§ **What the exercise asks**: Look for the line with "School Construction Authority"; please transcribe it and every later line in the entries exactly, up to the end, leaving pictures out.

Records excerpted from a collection
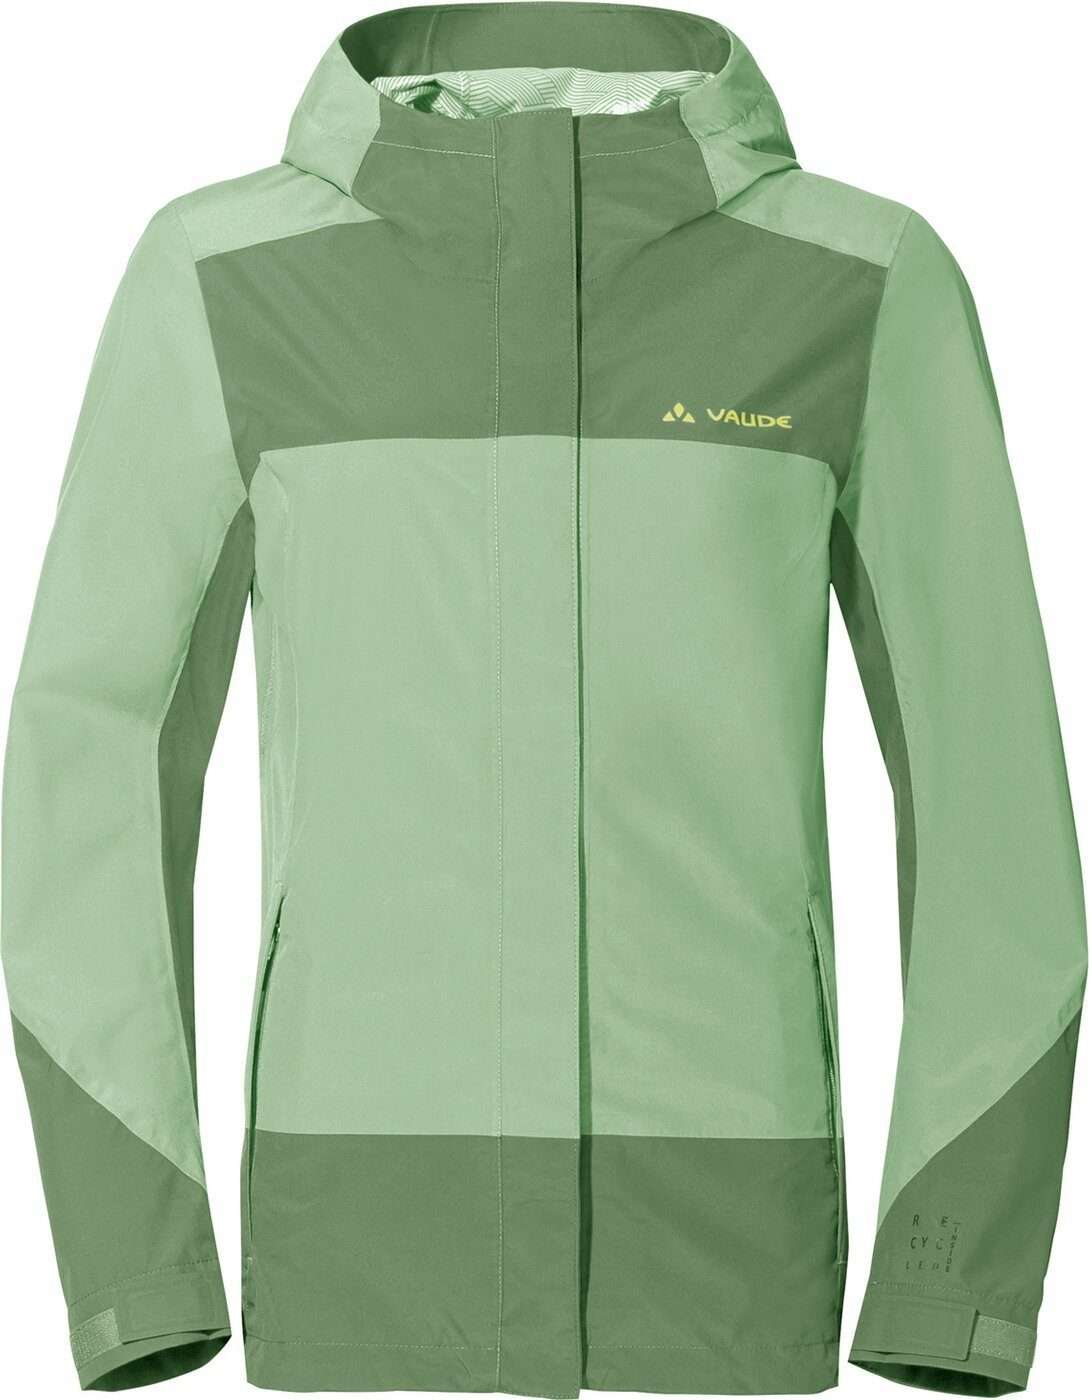 Функциональная куртка 3-в-1 зеленая (1 шт.)
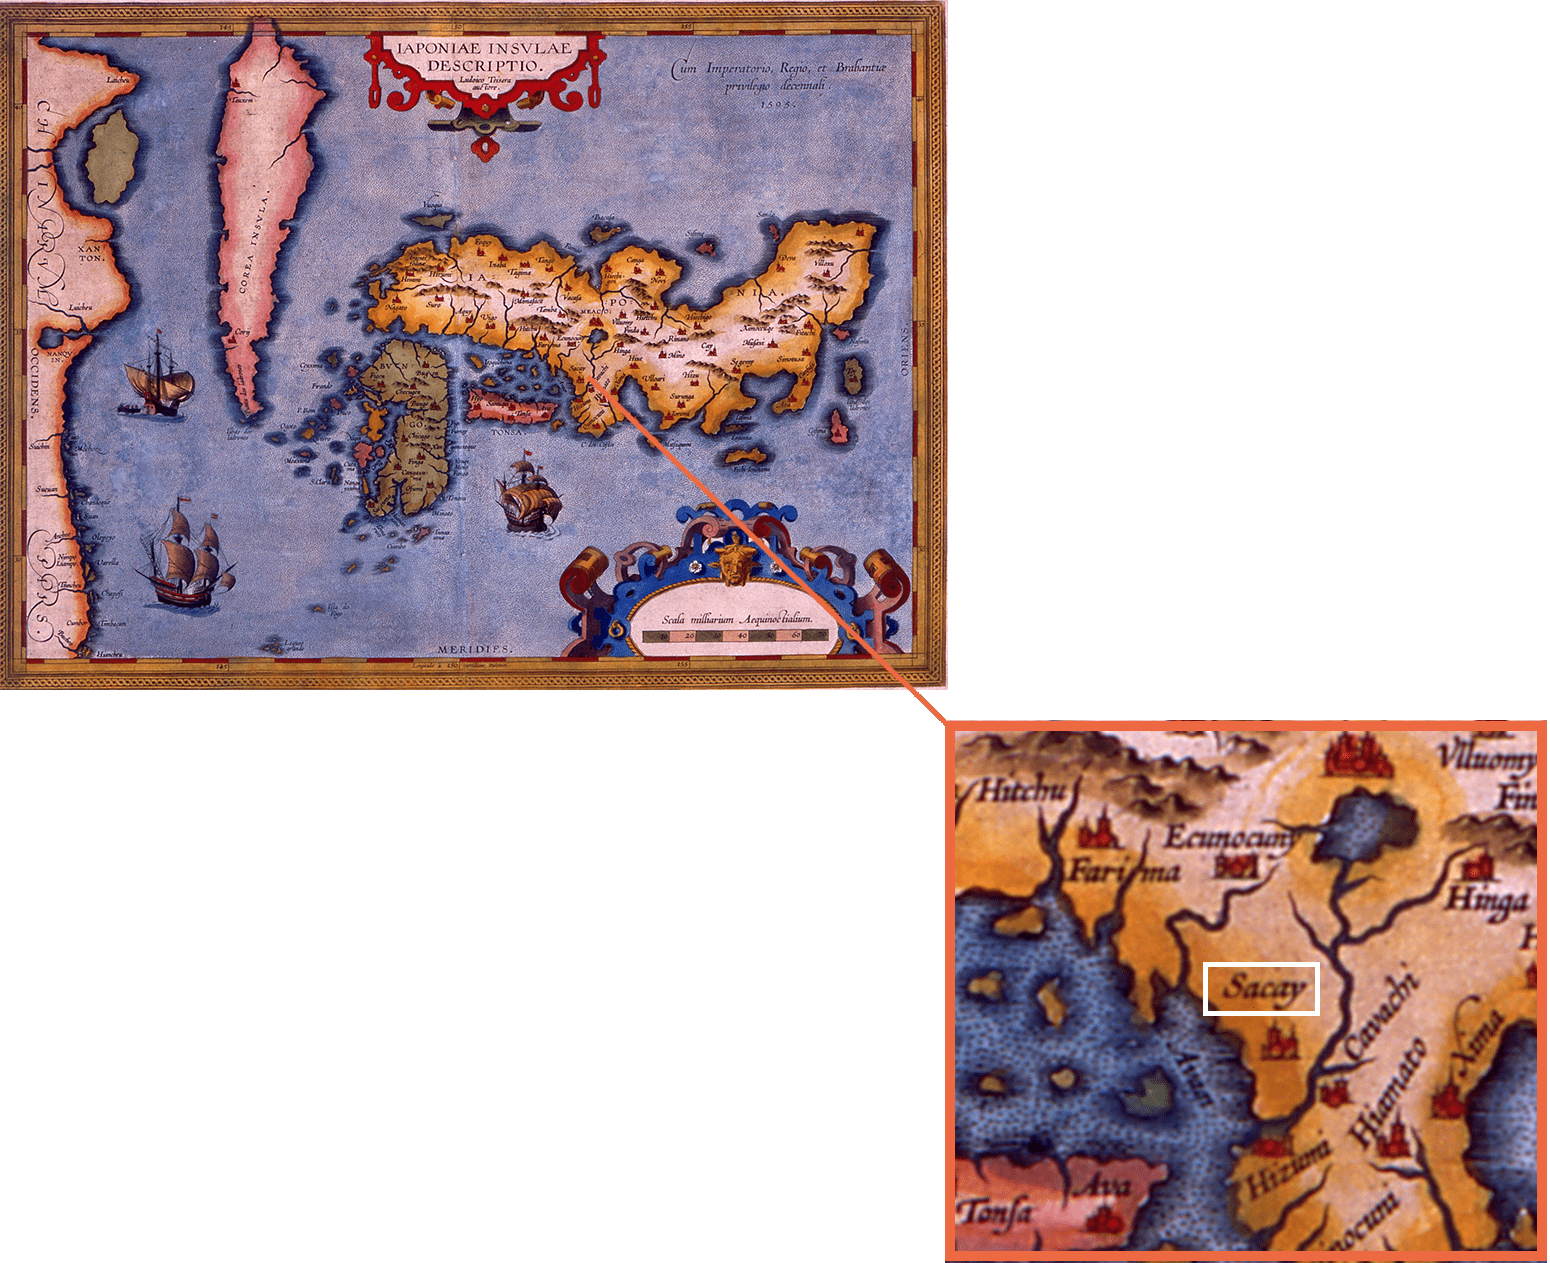 フェニーチェSACAYの［SACAY］とは 中世において宣教師により記された、ヨーロッパでの印刷による単独の日本図としては最初の図となる、テイセラ／オルテリウス 「日本図」（1595年）に記載された「堺」の表現です。国名以外で表記があるのは、堺と都、鹿児島の三都市のみであり、自由・自治都市、また国際貿易港として大いに繁栄した堺を彷彿とさせる表現です。ホール愛称「フェニーチェ堺」の由来 堺は幾度の戦火から不死鳥のように蘇ってきた。また、中世、イタリアのベニスと称された堺のまちを想起されることから、不死鳥（フェニックス）をイタリア語で表現。
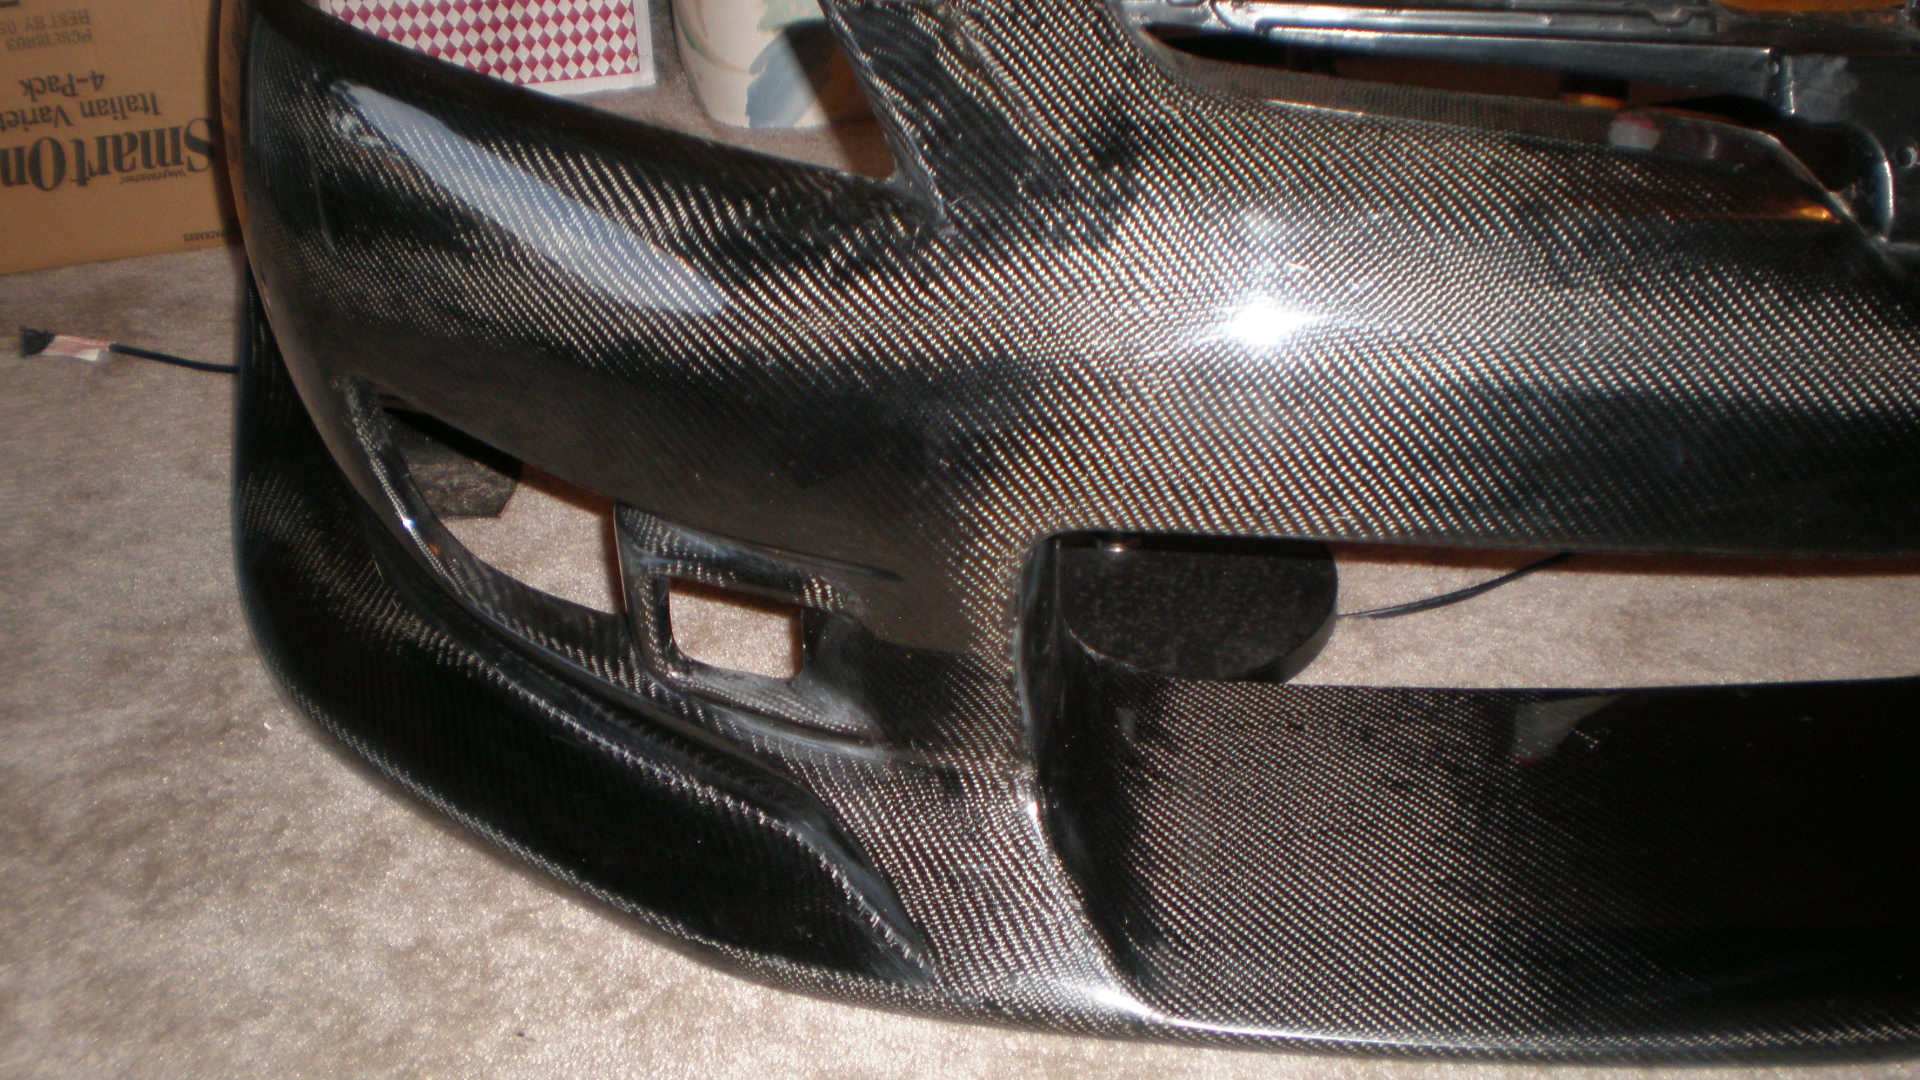 Honda delsol carbon fiber bumber #4
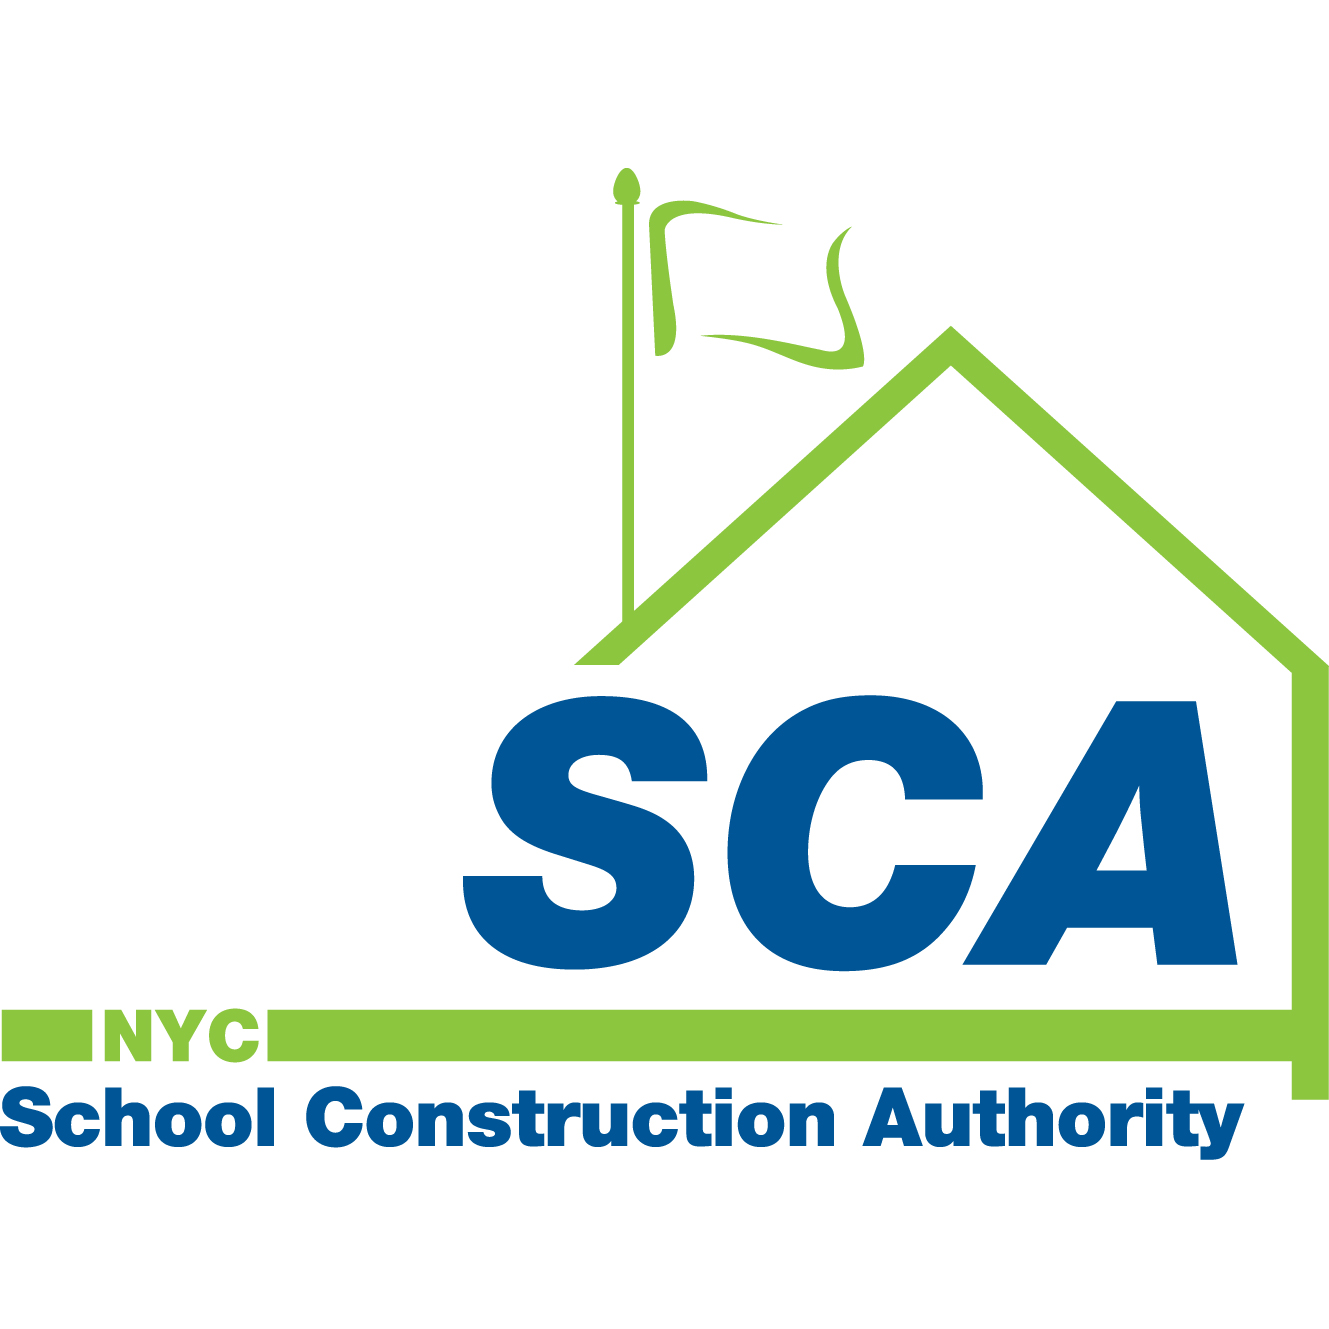 School Construction Authority
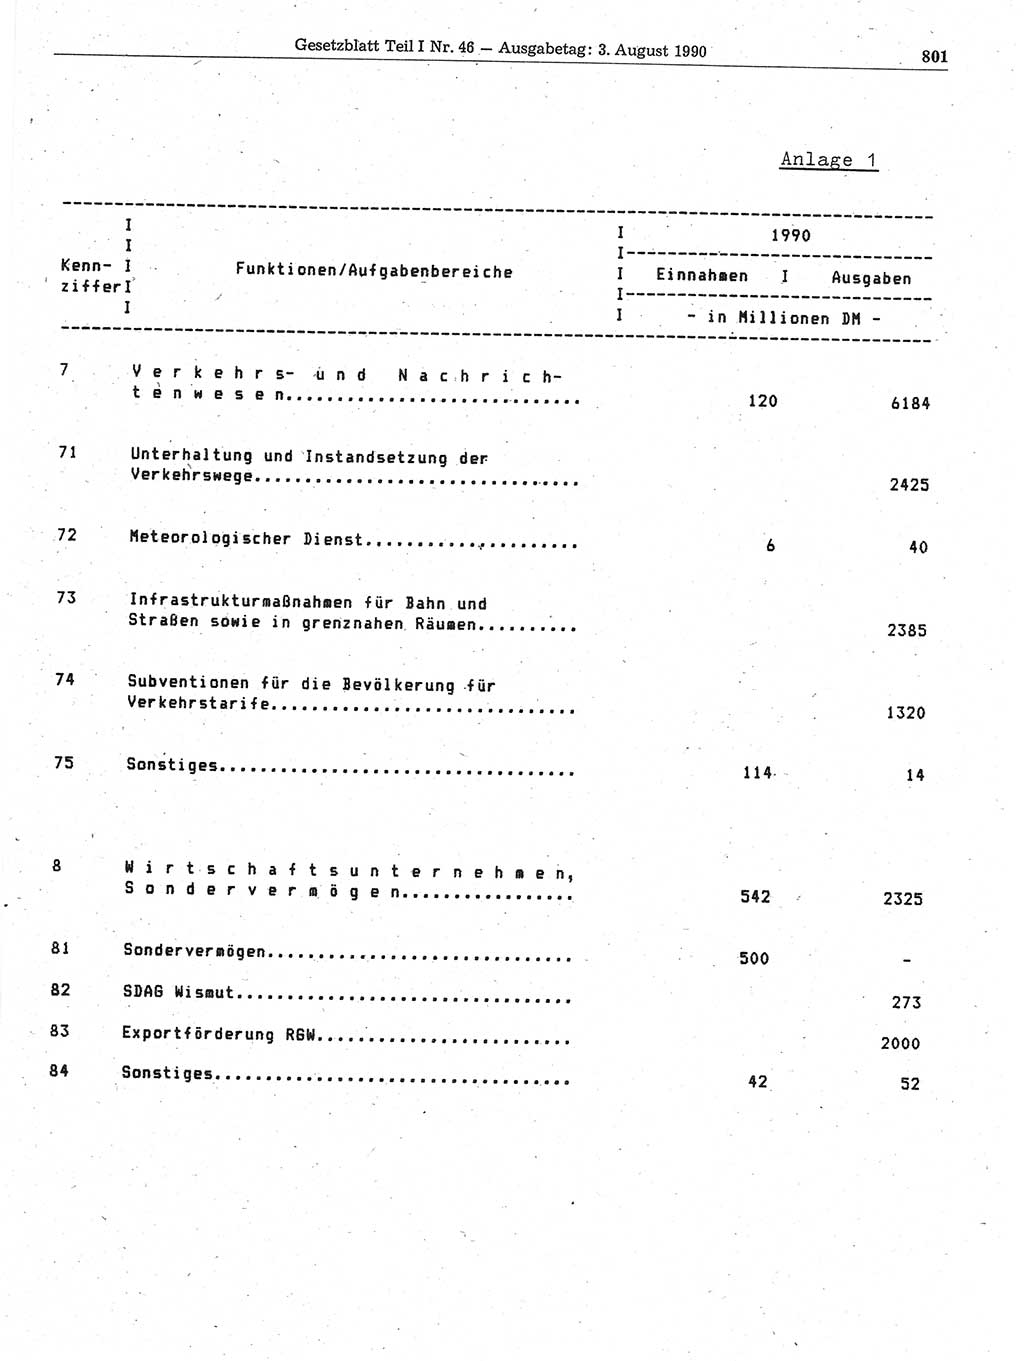 Gesetzblatt (GBl.) der Deutschen Demokratischen Republik (DDR) Teil Ⅰ 1990, Seite 801 (GBl. DDR Ⅰ 1990, S. 801)

§ **Reply to the task**:
 School Construction Authority
 Gesetzblatt (GBl.) der Deutschen Demokratischen Republik (DDR) Teil Ⅰ 1990, Seite 801 (GBl. DDR Ⅰ 1990, S. 801)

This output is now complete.